• [Data]
————————

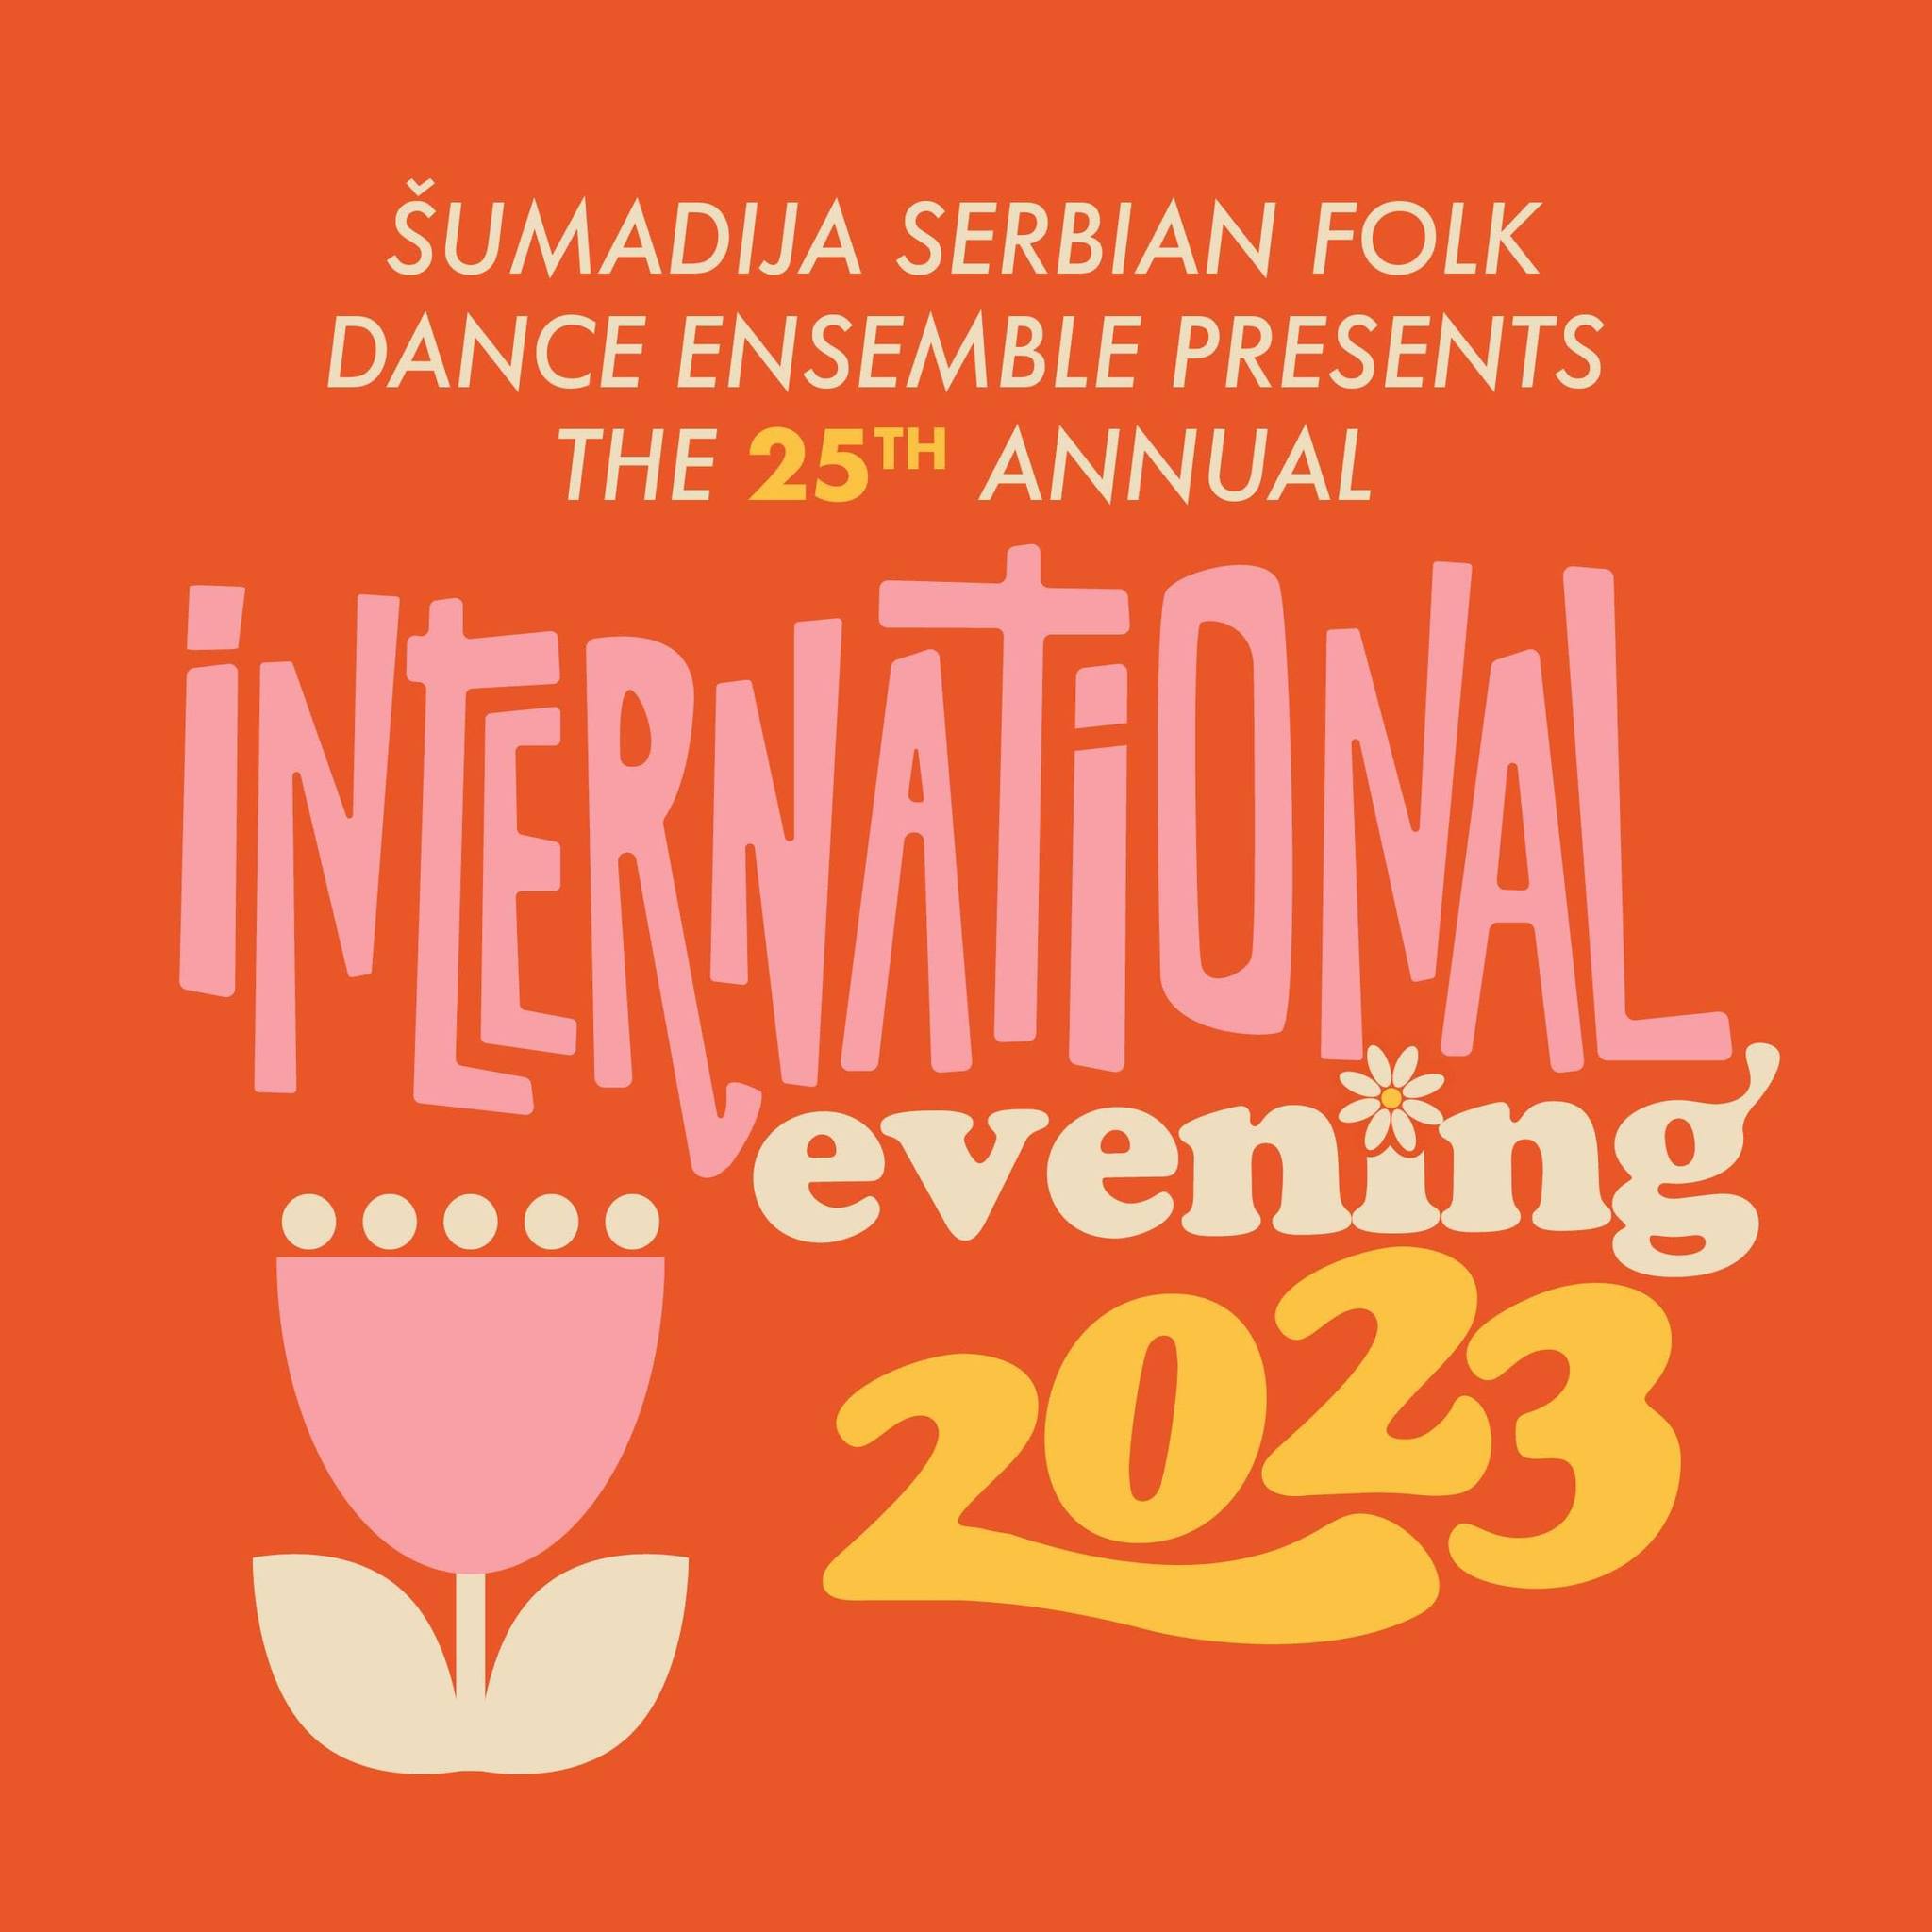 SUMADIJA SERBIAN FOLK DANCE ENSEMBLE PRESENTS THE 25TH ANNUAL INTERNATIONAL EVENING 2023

————————

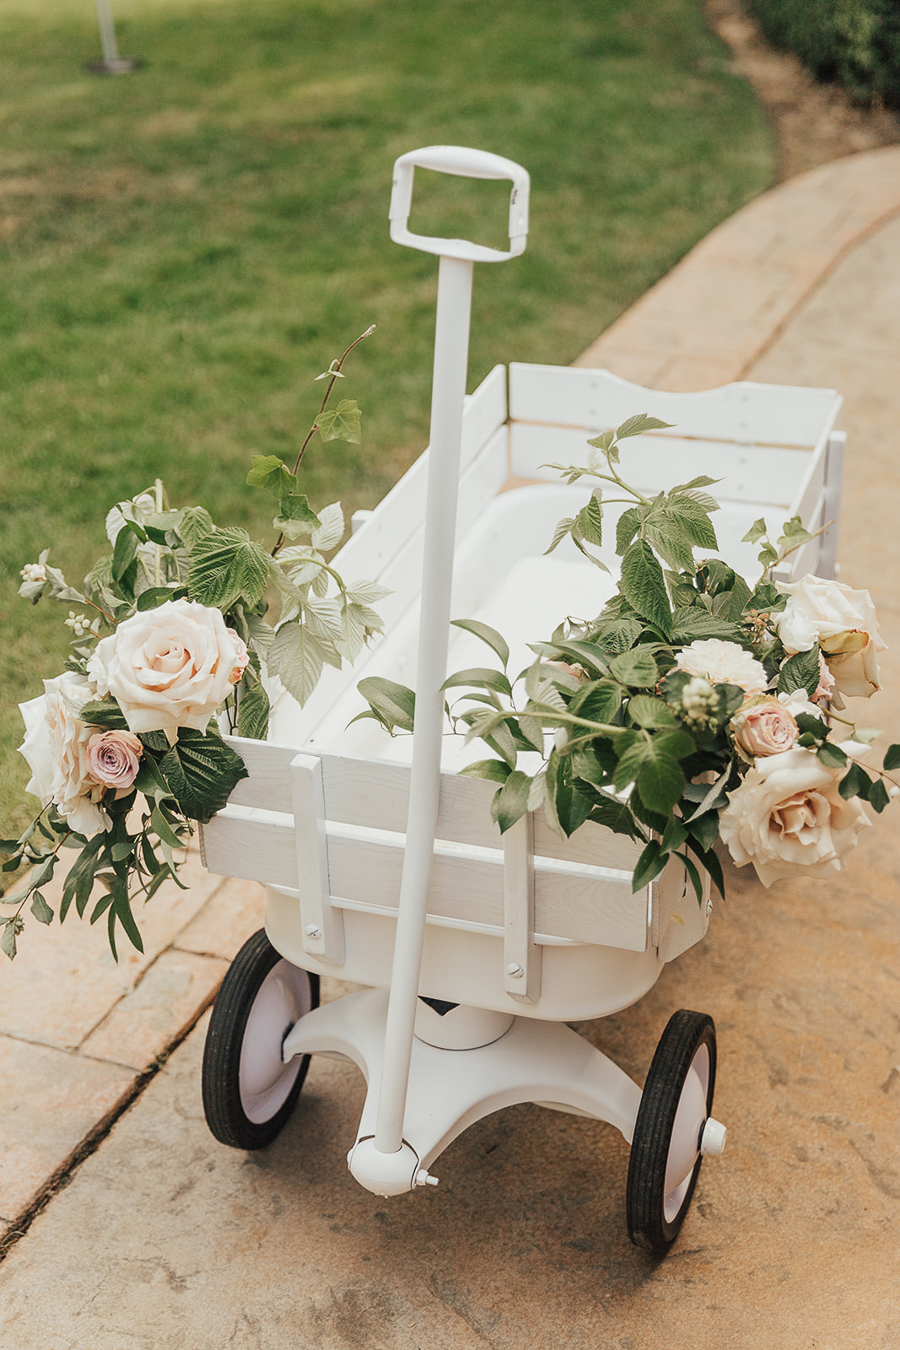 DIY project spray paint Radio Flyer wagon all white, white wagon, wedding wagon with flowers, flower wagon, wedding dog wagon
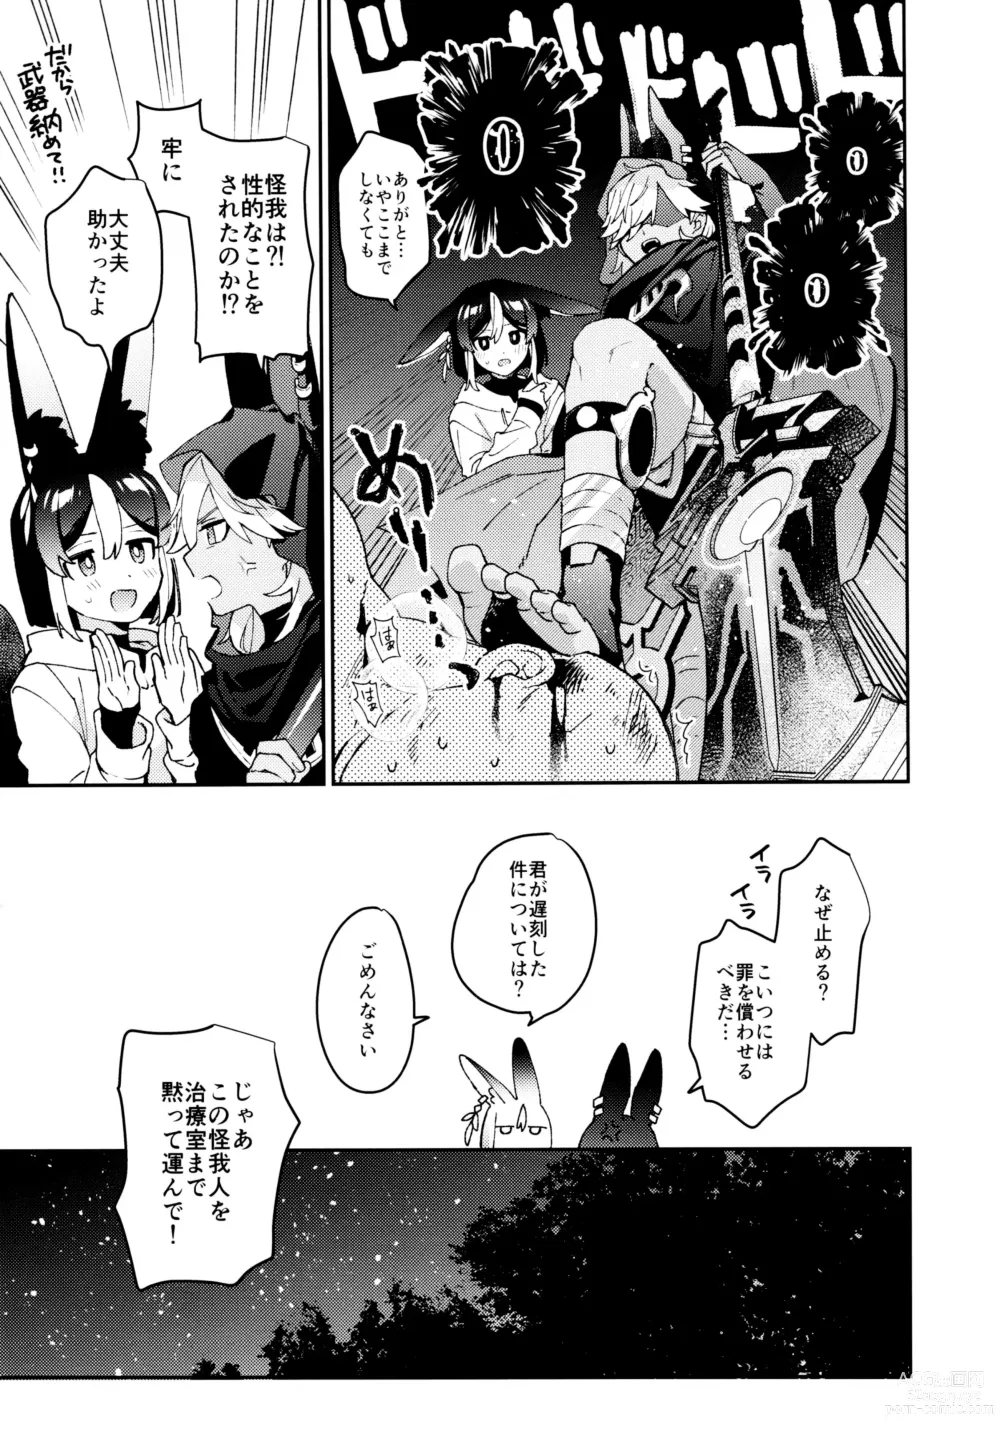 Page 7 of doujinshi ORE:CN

————————

Above are some entries; copy exactly the lines from the line with "DIY project spray" through the line with "Page 7 of doujinshi ORE:CN", both included, but none of the pictures.

• [Task output]
 DIY project spray paint Radio Flyer wagon all white, white wagon, wedding wagon with flowers, flower wagon, wedding dog wagon
 Page 7 of doujinshi ORE:CN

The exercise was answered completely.